Same here...it's out of the doe, strained and in the fridge within 20 minutes, never had a problem with an off taste or having it go bad within about 10 - 12 days.


----------



## PznIvyFarm (Jul 25, 2010)

I have been cooling it right away, maybe it was just my extreme tiredness that made it taste funny.

I finished my cheese. I was supposed to let it sit overnight in a warm place. Did that, but DH told me to get rest today, and then i was back and forth checking on Mink, feeding the baby, resting, delivering more babies, checking on mama's, etc and forgot about it until after 9 tonight. Finished it (made mozzarella) and the kids pronounced it delicious (I'm supposed to let it sit in the whey overnight, but they ate the scraps stuck to the cheesecloth) 

Out of about 2 days worth of milk, I got one "blob" of fresh mozzarella about the size of a small orange. 

I need more goats :laugh: 

And DH asked me how much that one piece of mozzarella cost when i considered purchase of goats, their vet bills, their feed, their new fencing, etc. My mom pointed out that when we raised beef cows for 4-H we ate the most expensive beef we ever had and that you couldn't look at it that way. It reminded me of this book I read once called "The $64 Tomato" where this guy added up all his gardening costs versus his produce - it was a really good book.


----------



## StaceyRosado (Oct 5, 2007)

tell him - the by product is just icing on the cake you have the goats to keep you sane, its much cheeper then diamonds or expensive vacations or a new car.


----------



## PznIvyFarm (Jul 25, 2010)

They are my new kids b/c i already have 4 real ones, and these kids are cheaper than those. In fact, i think i will take that tactic in the future.

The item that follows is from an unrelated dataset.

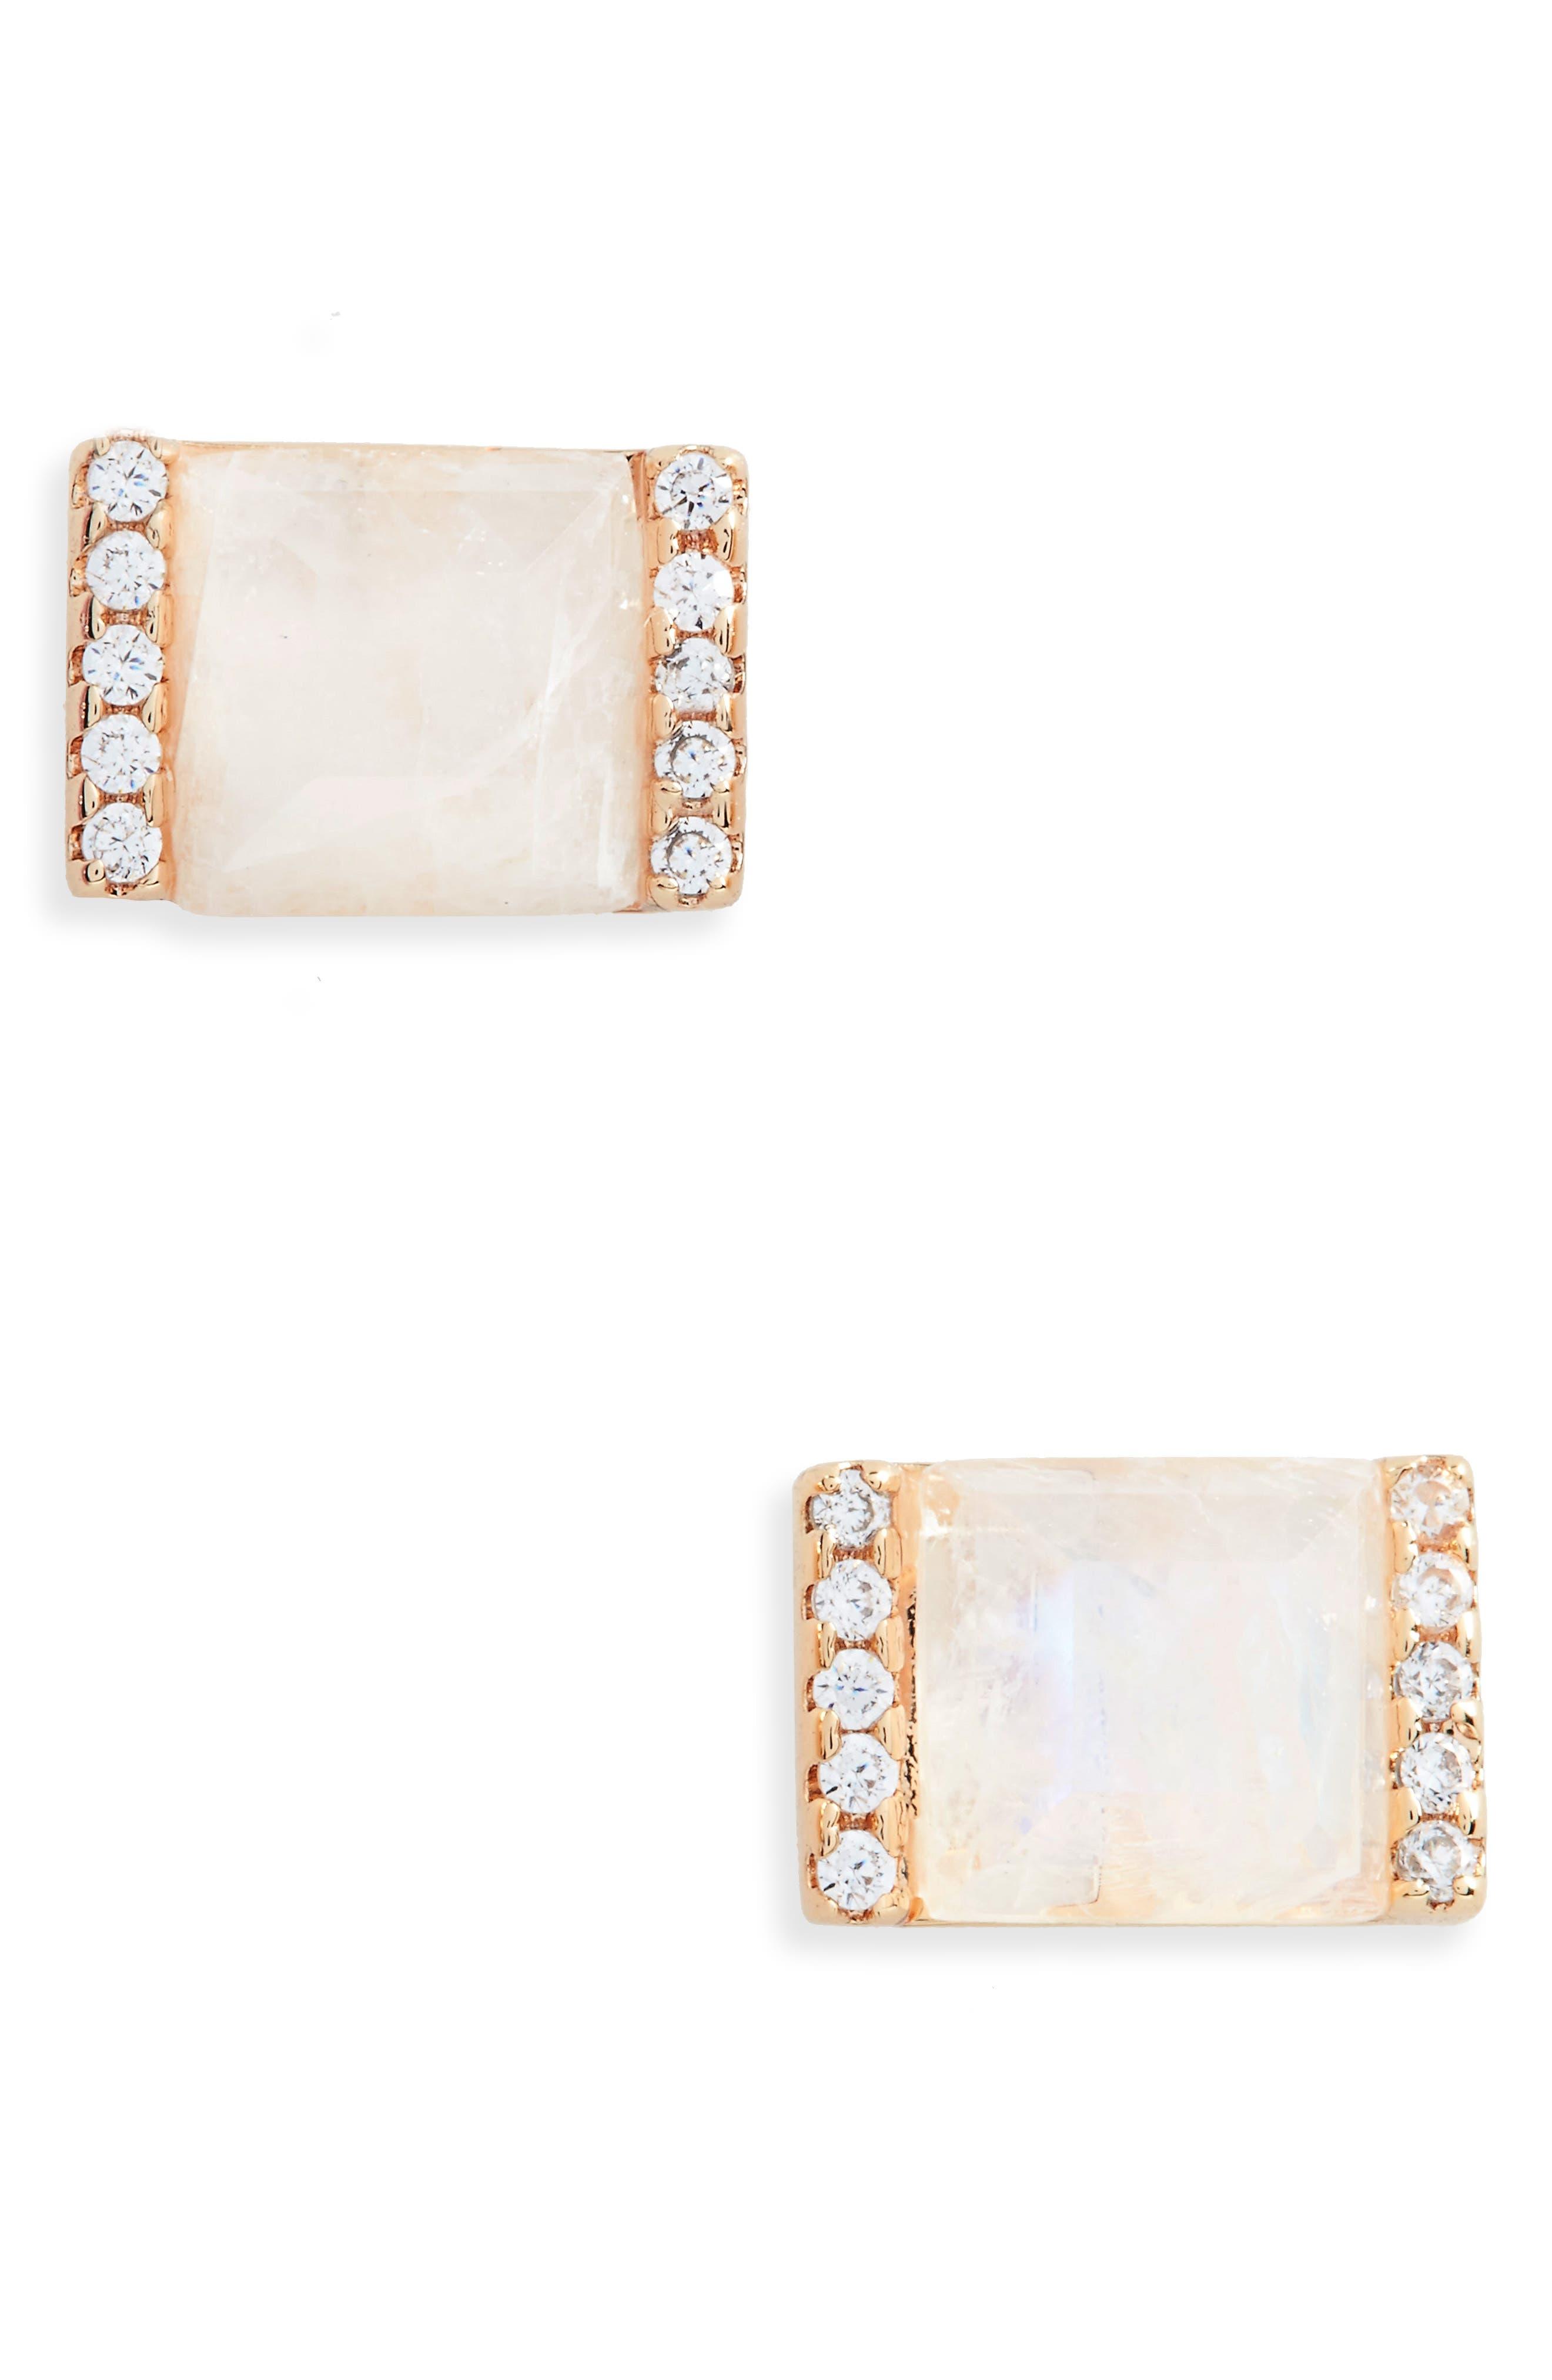 Vero Stud Earrings,                         Main,                         color, Moonstone/ Gold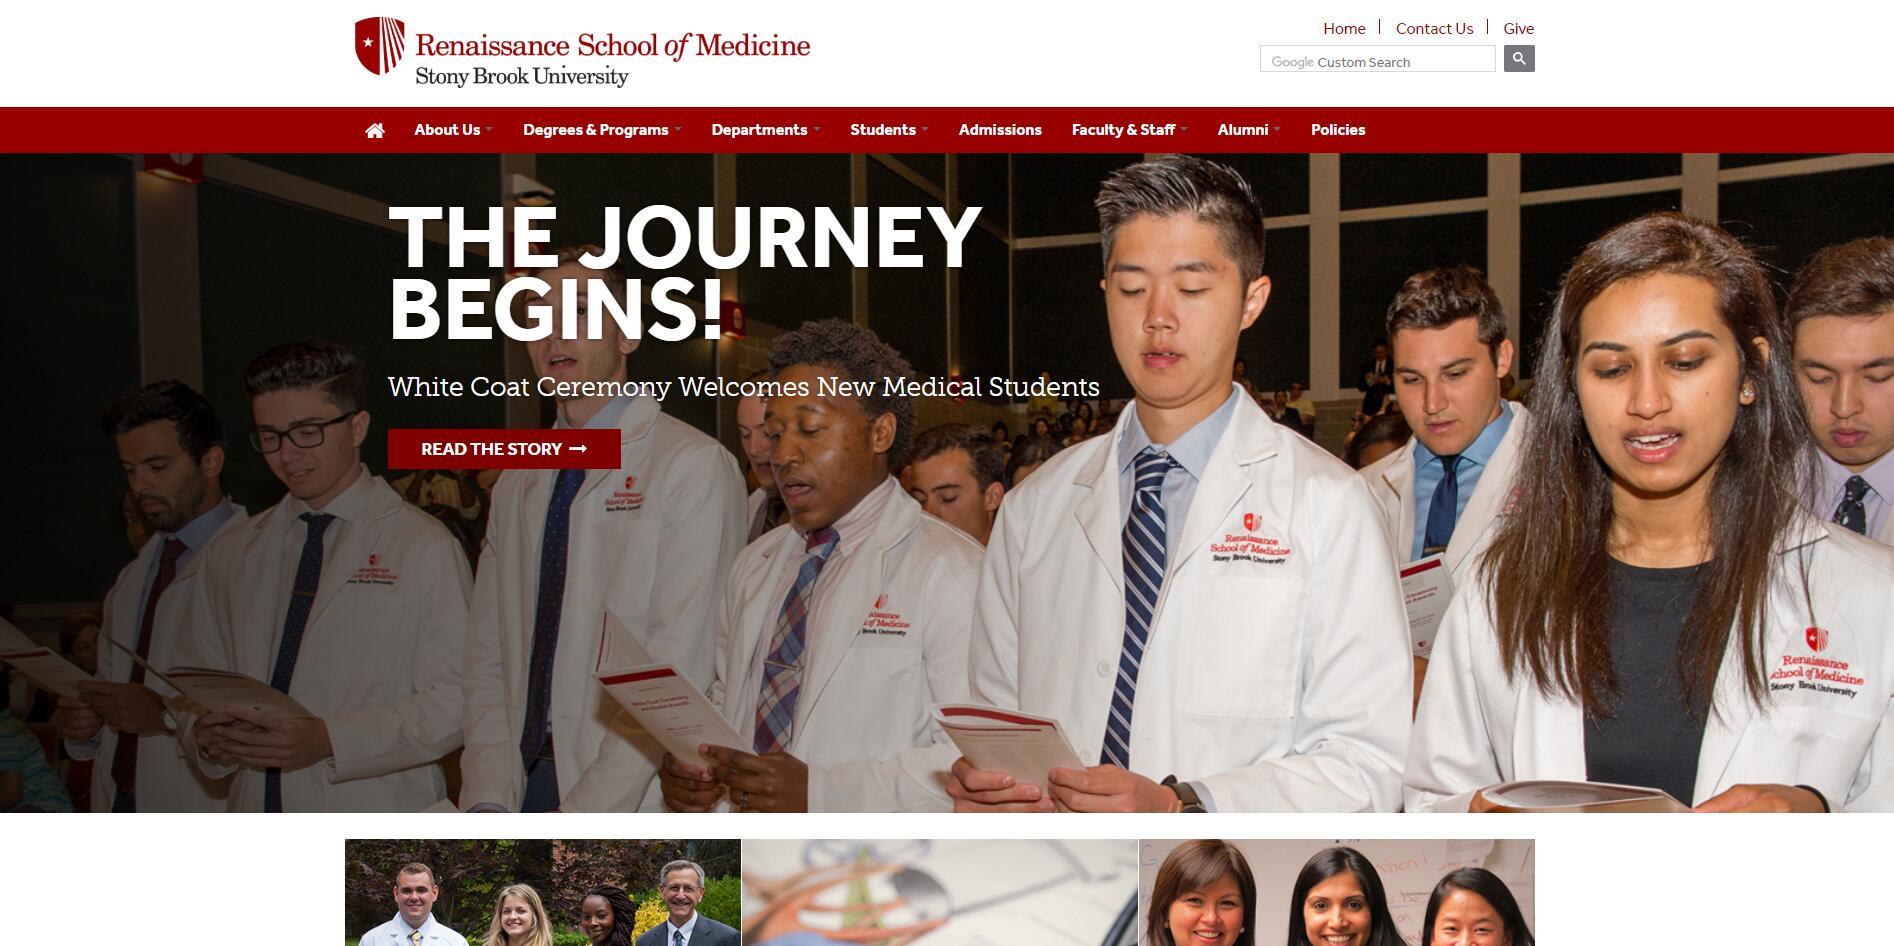 The School of Medicine at Stony Brook University--SUNY

While searching for a whey bread recipe, i found this site

http://chickensintheroad.com/blog/2009/09/26/making-chevre-and-grandmother-bread-with-whey/

I love how she talks about her goats.


----------



## kannm (Mar 18, 2009)

PznIvyFarm said:


> They are my new kids b/c i already have 4 real ones, and these kids are cheaper than those. In fact, i think i will take that tactic in the future.
> 
> While searching for a whey bread recipe, i found this site
> 
> ...


LOVE this link. Thank you!


----------